## Collected material
• • •

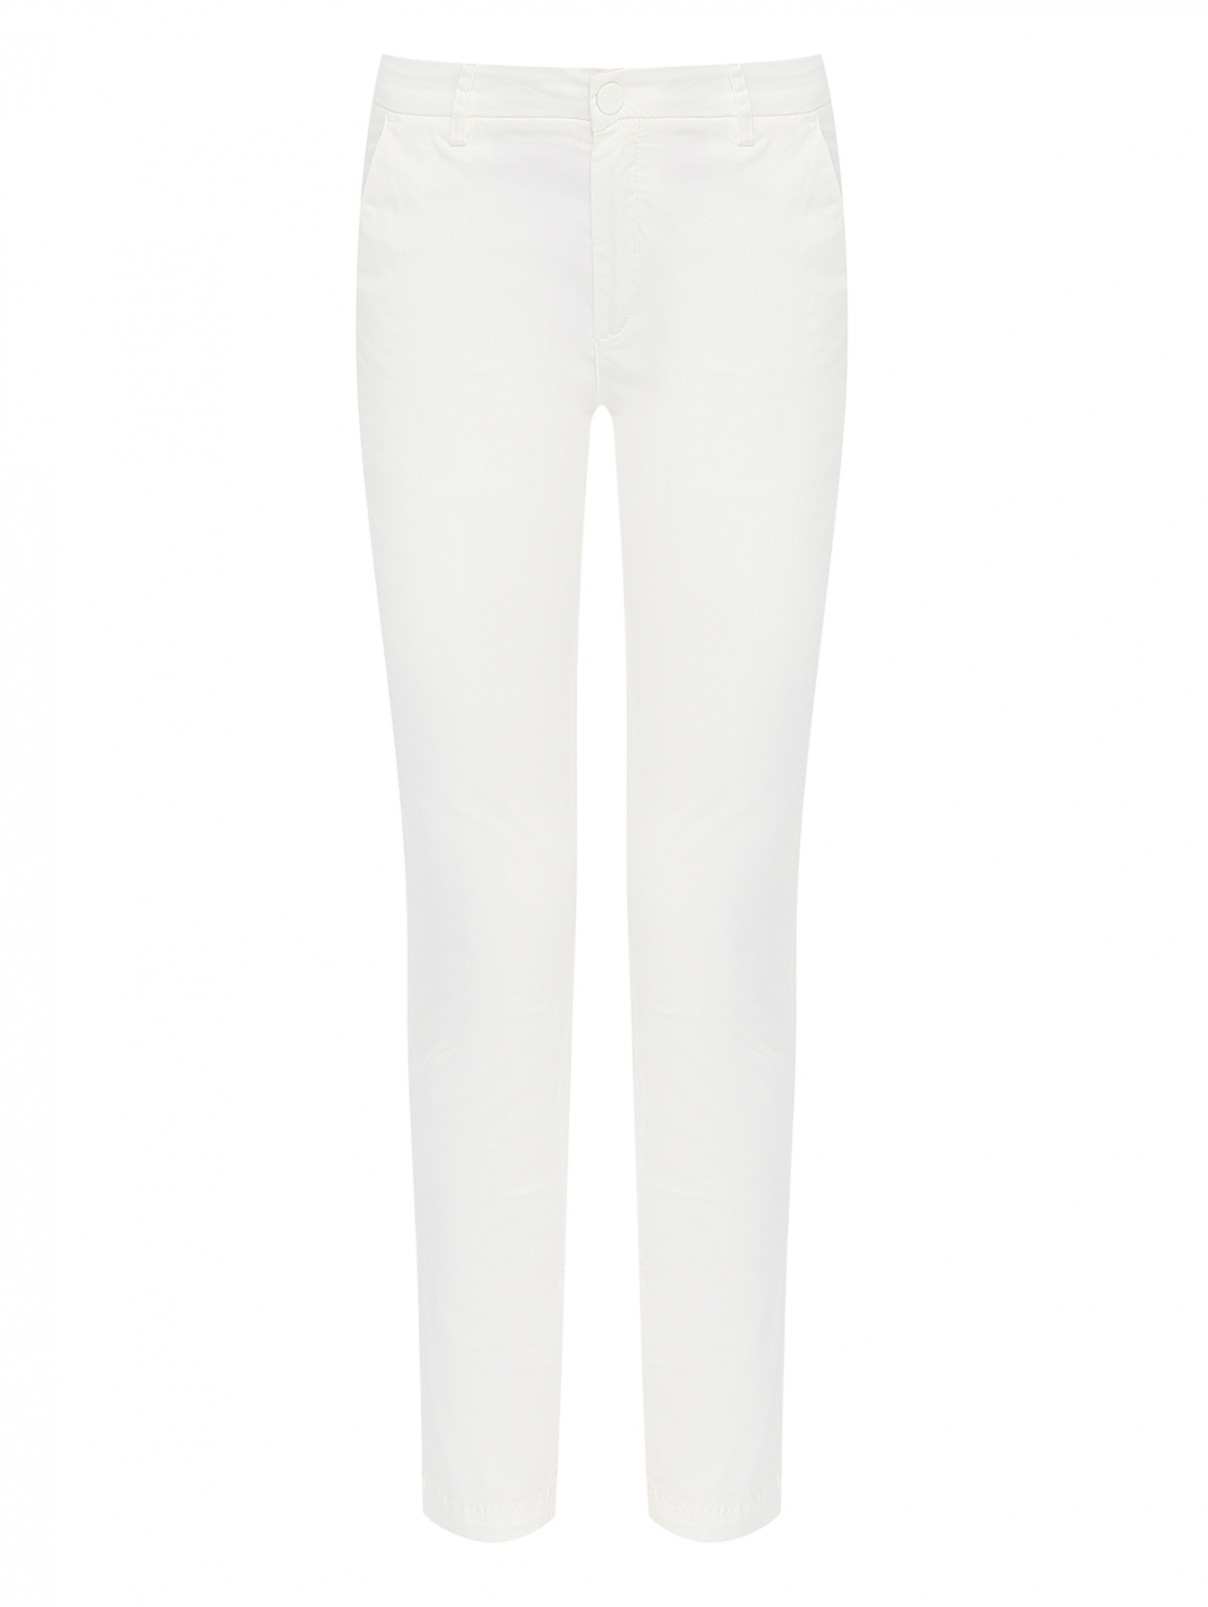 Однотонные брюки из хлопка Frankie Morello  –  Общий вид  – Цвет:  Белый
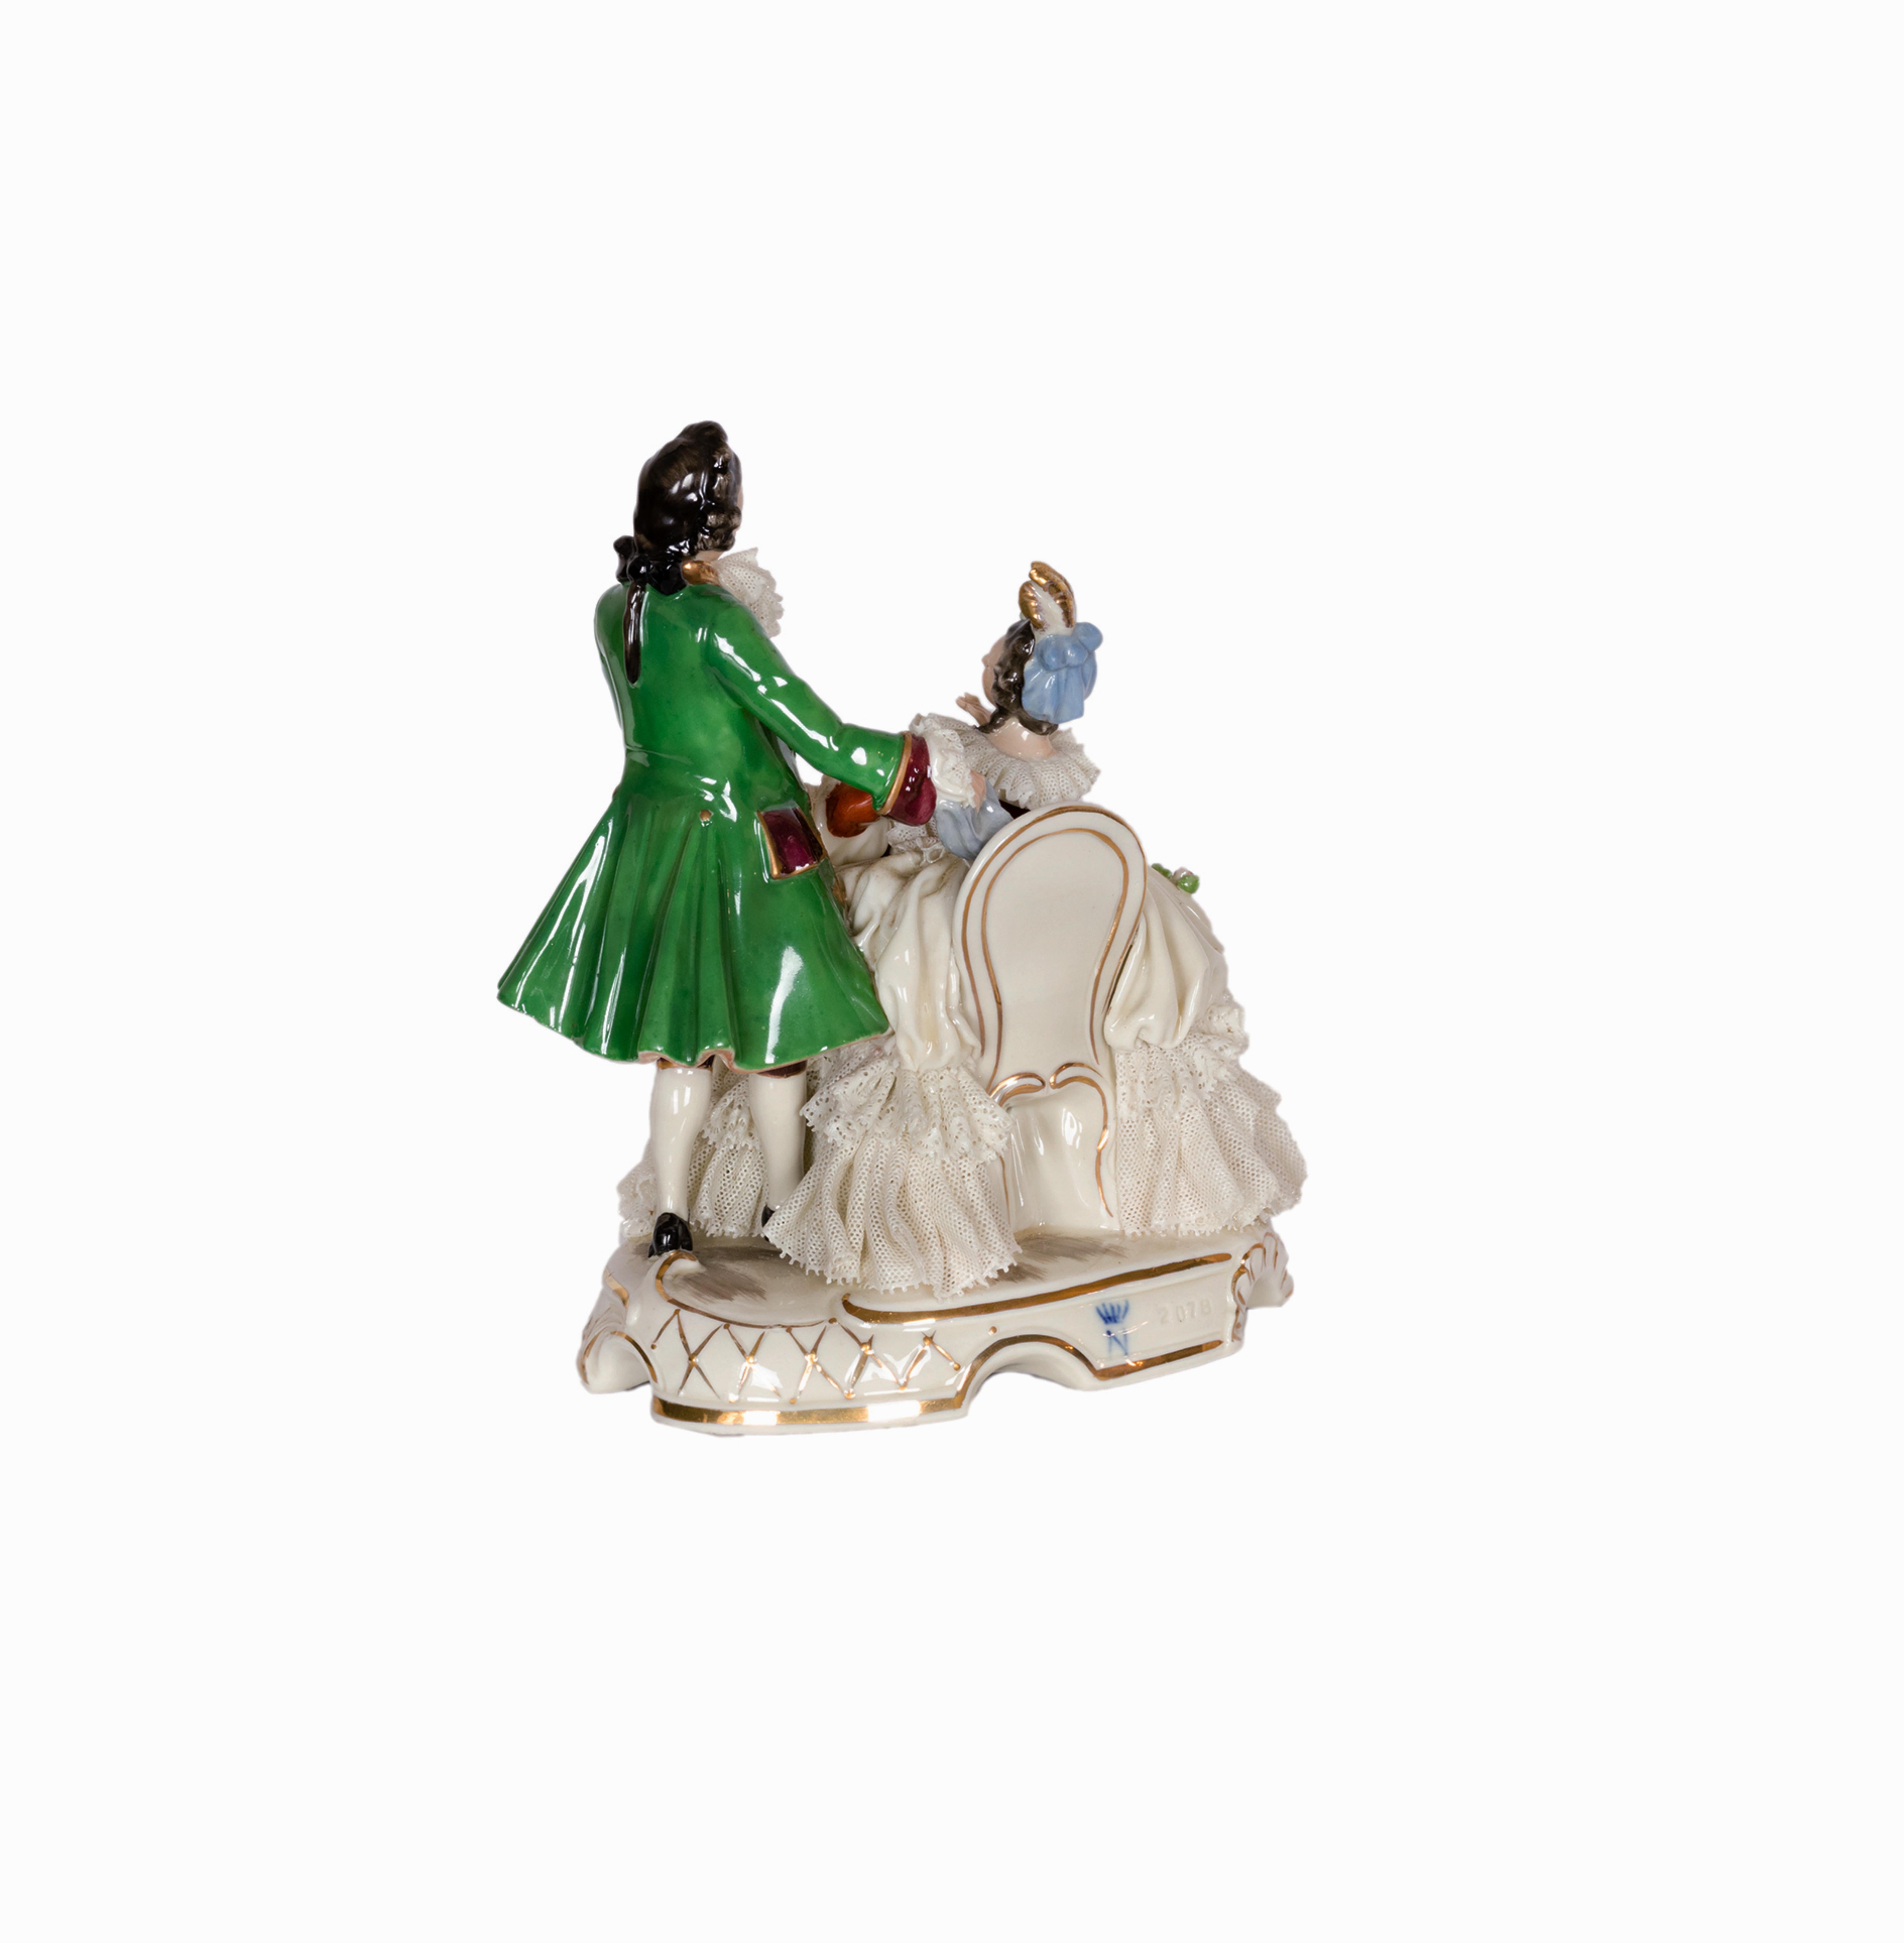 Porcelaine napolitaine de Capodimonte de style baroque représentant une scène de salon français, une femme assise dans un fauteuil jouant du luth et un admirateur essayant de l'impressionner, marquée 'N' et '2078' dans la base, comme vous pouvez le
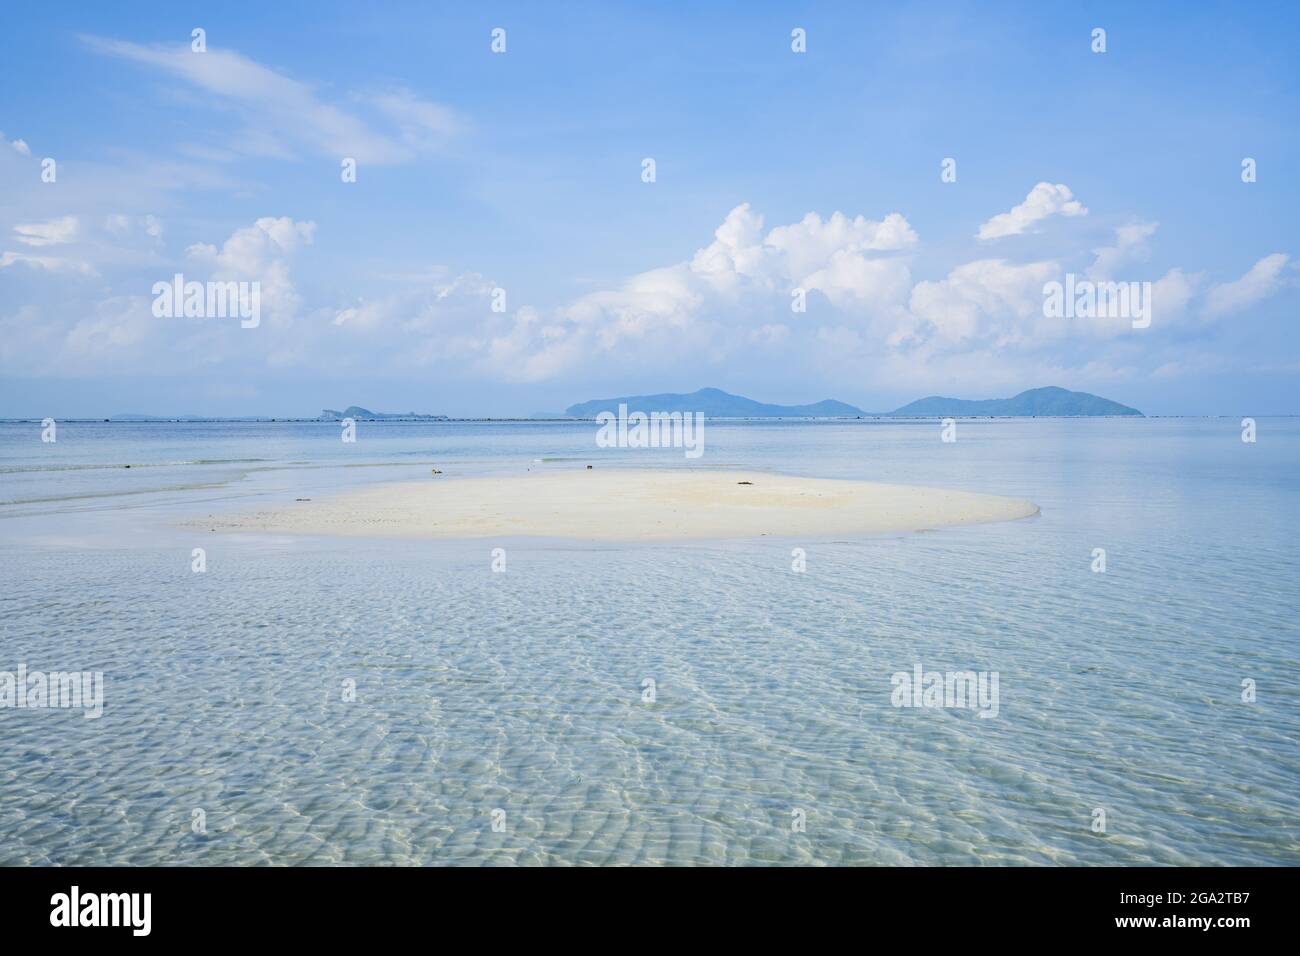 Spiaggia di sabbia bianca laguna sulla costa dell'isola di Ko Samui nel Golfo della Thailandia; Ko Samui, Surat Thani, Thailandia Foto Stock

• • •

## Task requirements
This task calls for an exact copy of the data above, without pictures.

## Written response
 Однотонные брюки из хлопка Frankie Morello  –  Общий вид  – Цвет:  Белый
 Porcelaine napolitaine de Capodimonte de style baroque représentant une scène de salon français, une femme assise dans un fauteuil jouant du luth et un admirateur essayant de l'impressionner, marquée 'N' et '2078' dans la base, comme vous pouvez le
 Spiaggia di sabbia bianca laguna sulla costa dell'isola di Ko Samui nel Golfo della Thailandia; Ko Samui, Surat Thani, Thailandia Foto Stock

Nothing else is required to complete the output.